Other transcription(s)
- • Yakut: Баатаҕай
- Interactive map of Batagay
- Batagay Location of Batagay Batagay Batagay (Sakha Republic)
- Coordinates: 67°39′N 134°39′E﻿ / ﻿67.650°N 134.650°E
- Country: Russia
- Federal subject: Sakha Republic
- Administrative district: Verkhoyansky District
- SettlementSelsoviet: Batagay
- Founded: 1939
- Urban-type settlement status since: 1945
- Elevation: 138 m (453 ft)

Population (2010 Census)
- • Total: 4,369
- • Estimate (2023): 3,759 (−14%)

Administrative status
- • Capital of: Settlement of Batagay

Municipal status
- • Municipal district: Verkhoyansky Municipal District
- • Urban settlement: Batagay Urban Settlement
- • Capital of: Batagay Urban Settlement
- Time zone: UTC+ ()
- Postal codes: 678500, 678509
- OKTMO ID: 98616151051

= Batagay =

Batagay (Батага́й; Баатаҕай, Baatağay) is an urban locality (an urban-type settlement) and the administrative center of Verkhoyansky District of the Sakha Republic, Russia, located on the Yana River. As of the 2010 Census, its population was 4,369.

==Geography==
Batagay is located a short distance to the west of river Adycha. The Batagaika crater is located 10 km to the southeast and the Kisilyakh Range 40 km to the northeast of the town.

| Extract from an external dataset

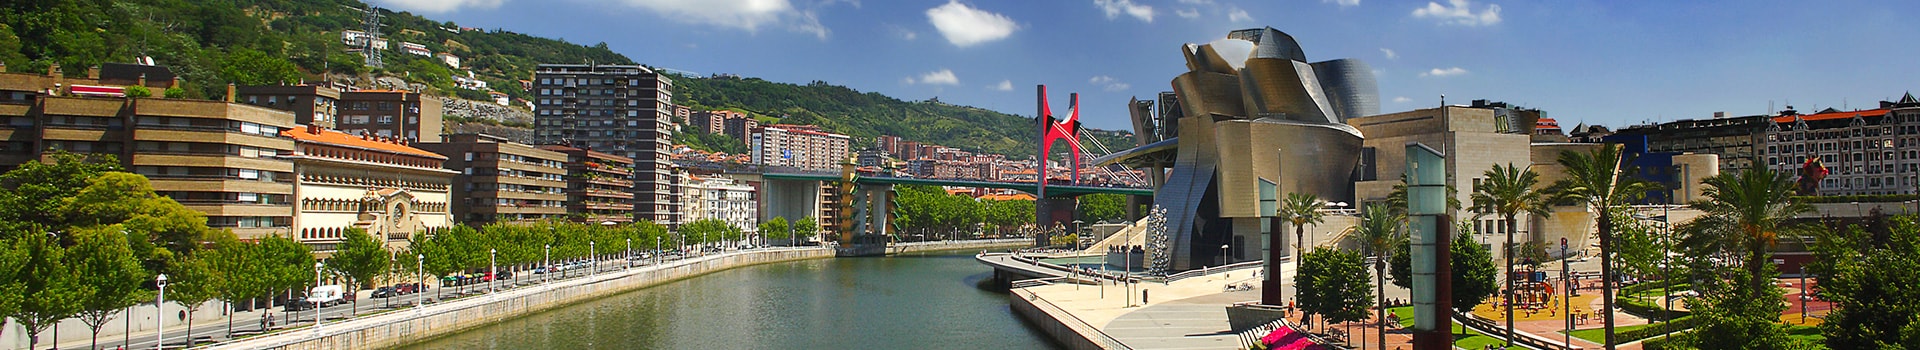 Hambourg - Bilbao

It has an extreme version of a subarctic climate (Köppen: Dfd), typical of the region.

==History==
Urban-type settlement status was granted to Batagay in 1945.

==Administrative and municipal status==
Within the framework of administrative divisions, the urban-type settlement of Batagay serves as the administrative center of Verkhoyansky District. As an administrative division, it is, together with two rural localities, incorporated within Verkhoyansky District as the Settlement of Batagay. As a municipal division, the Settlement of Batagay is incorporated within Verkhoyansky Municipal District as Batagay Urban Settlement.

==Transportation==
Batagay is served by the Batagay Airport.